Midland Montessori School is an American Montessori Society-affiliated nonprofit organization in Midland, Michigan, United States. It is Midland's largest and oldest school that teaches children based on the Montessori philosophy.

The school is run by a board of directors recruited from the parent community along with the school administration. Board members are elected on an annual basis and hold their position for a minimum of one year.

In 2012 the school celebrated its 40th anniversary.

== History ==
- 1970 - The school was founded in Midland by a group of interested parents under the name "Saginaw Valley Montessori Association".
- 1971 - The school opened its doors under the name "Midland Montessori School" in a rented facility.
- 1979 - A new building was constructed on a property owned by the school on Eastman Road and the school subsequently moved to its permanent location.
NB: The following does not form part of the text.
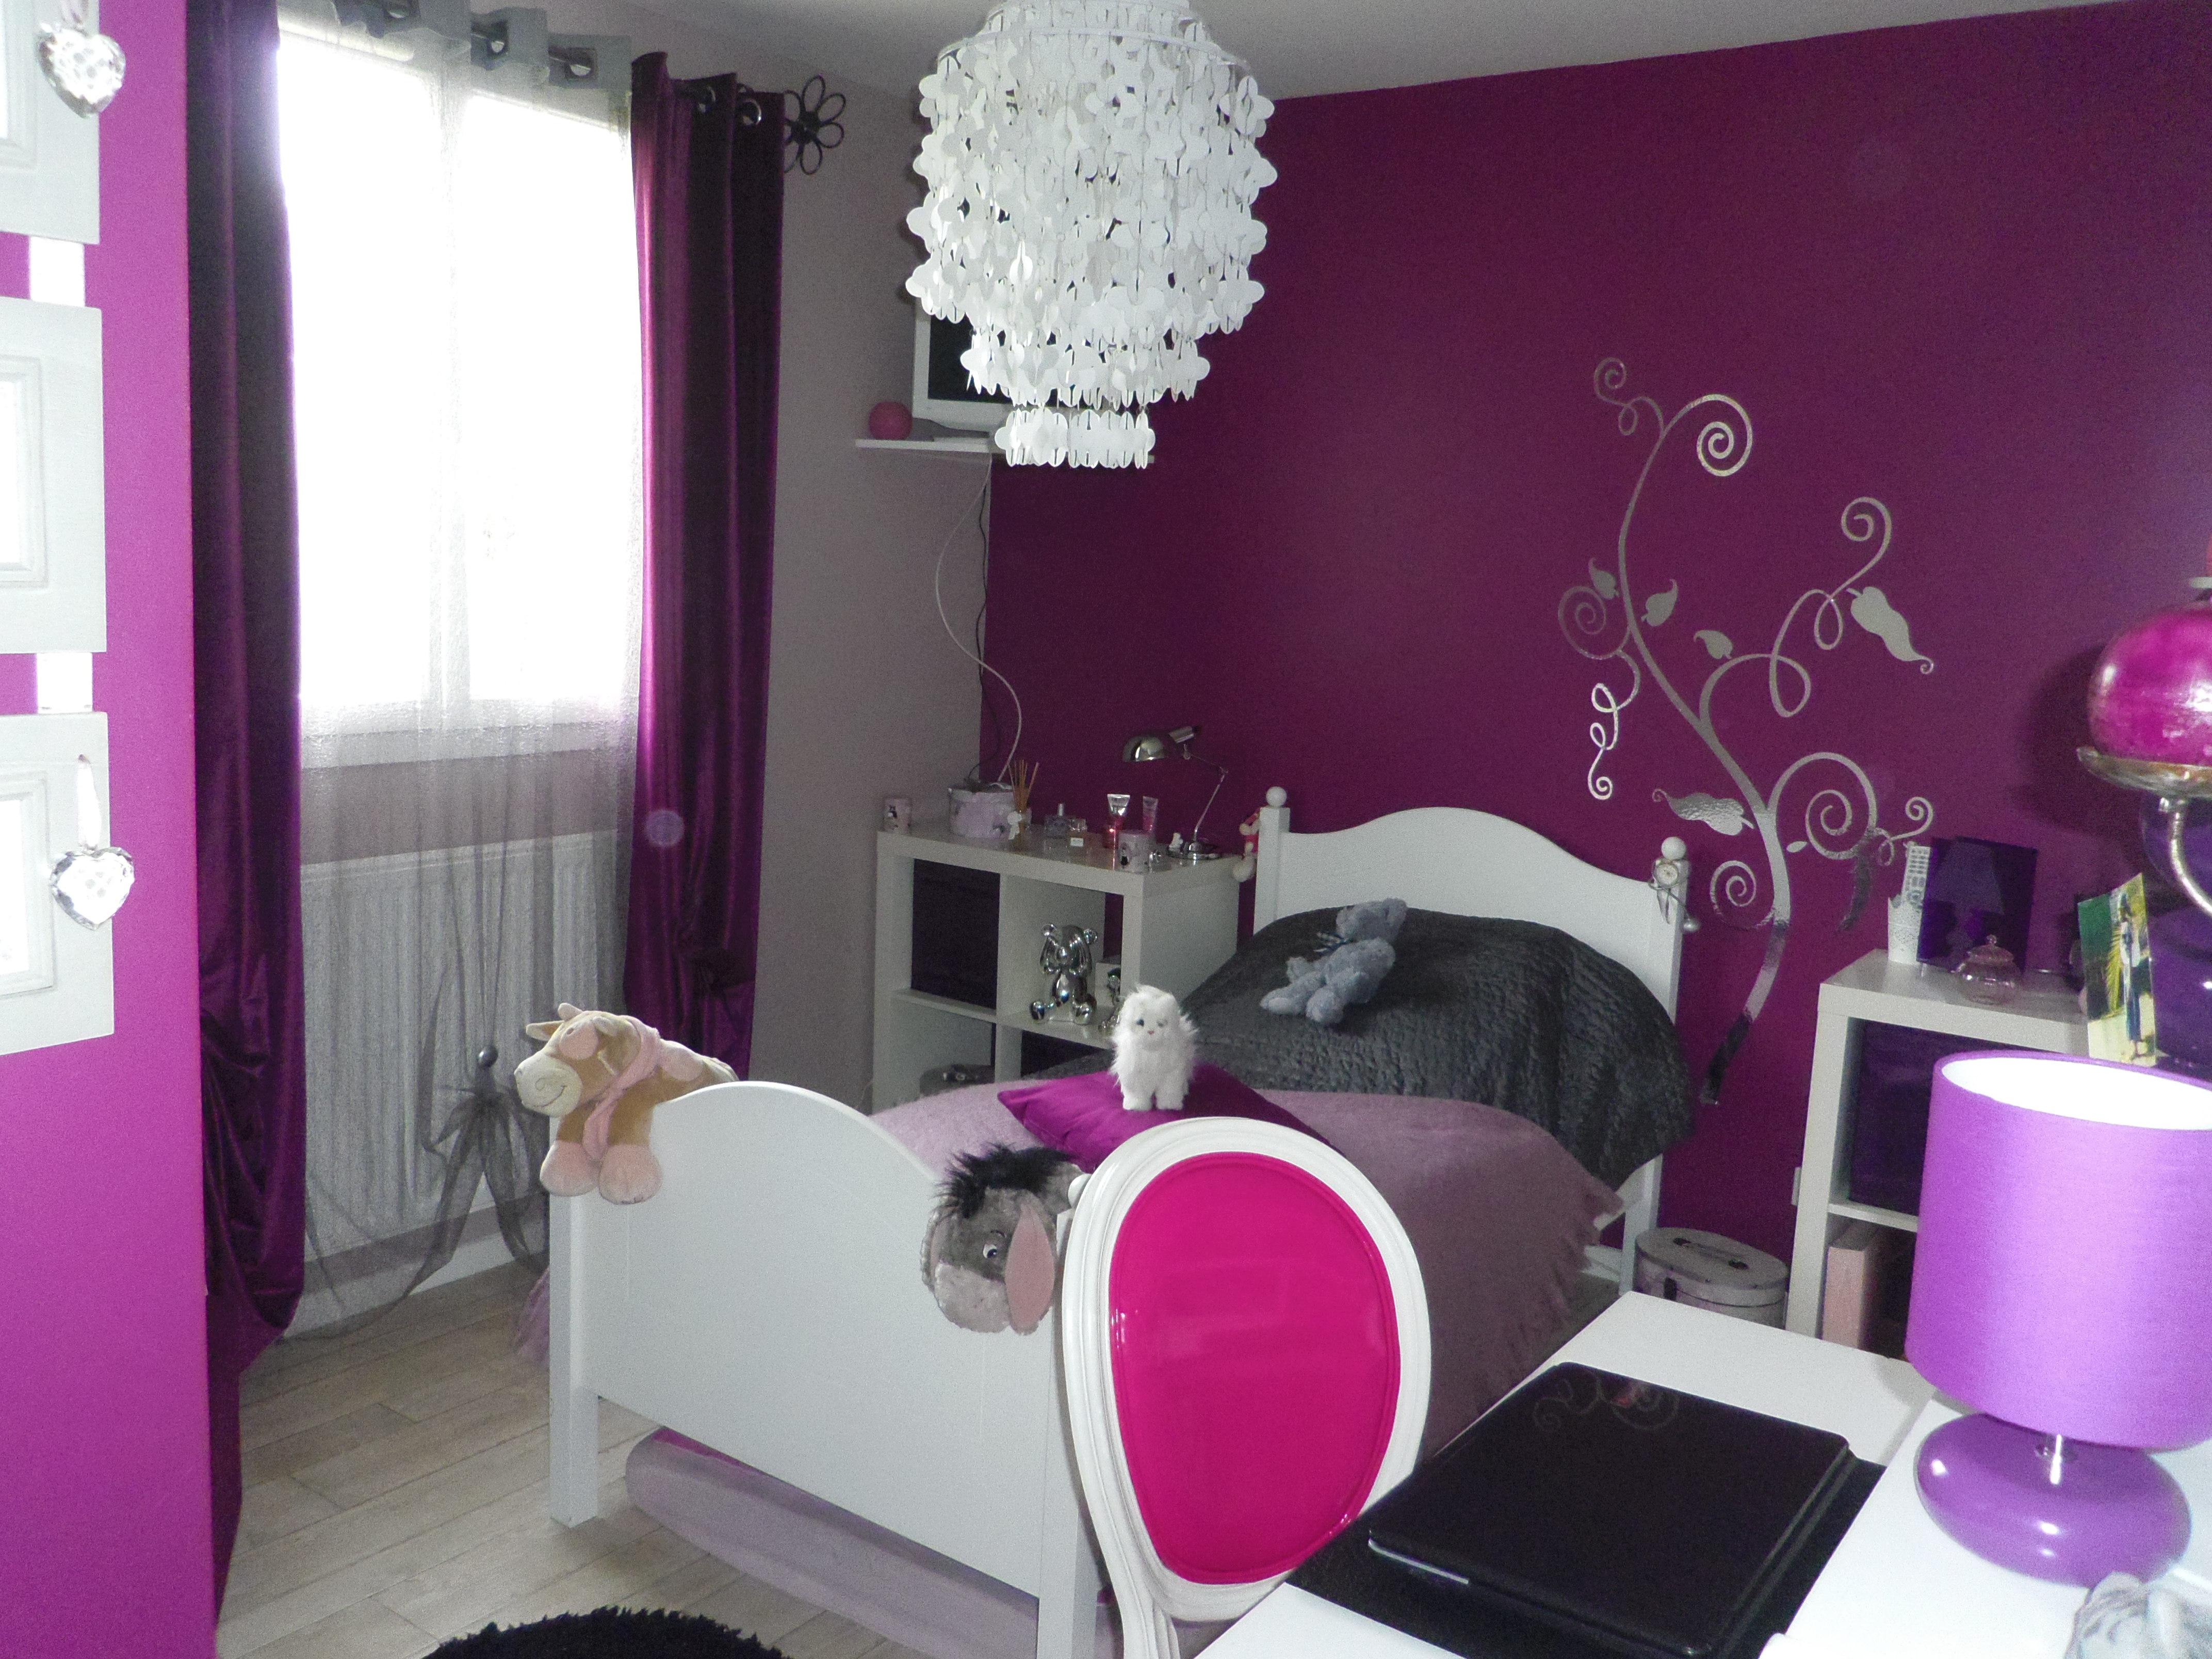 65 Impressionnant Images De Chambre Ado Fille Moderne 2013 Violet

The school began operating in the new building on October 8.
- 1982 - The lower level of the building was finished to accommodate a new classroom.
- 1989 - The facility expanded again and doubled in size.
- 1998 - Two new classrooms were added.
- 2002 - Additional facilities, including a library and a gross motor room were added
- 2004 - An infant/toddler program was introduced. During this year the school transitioned its childcare/preschool combination into an all day Montessori program. New flooring, furniture and accessories were added.
- 2008 - Two new playground structures and a bike path were added, along with an upgrade of the existing garden.
- 2009 - An all year Montessori program was added.

== Facilities ==
The school has seven classrooms, two of which include a child-accessible kitchen. The overall available space is 9,000 square feet on two levels.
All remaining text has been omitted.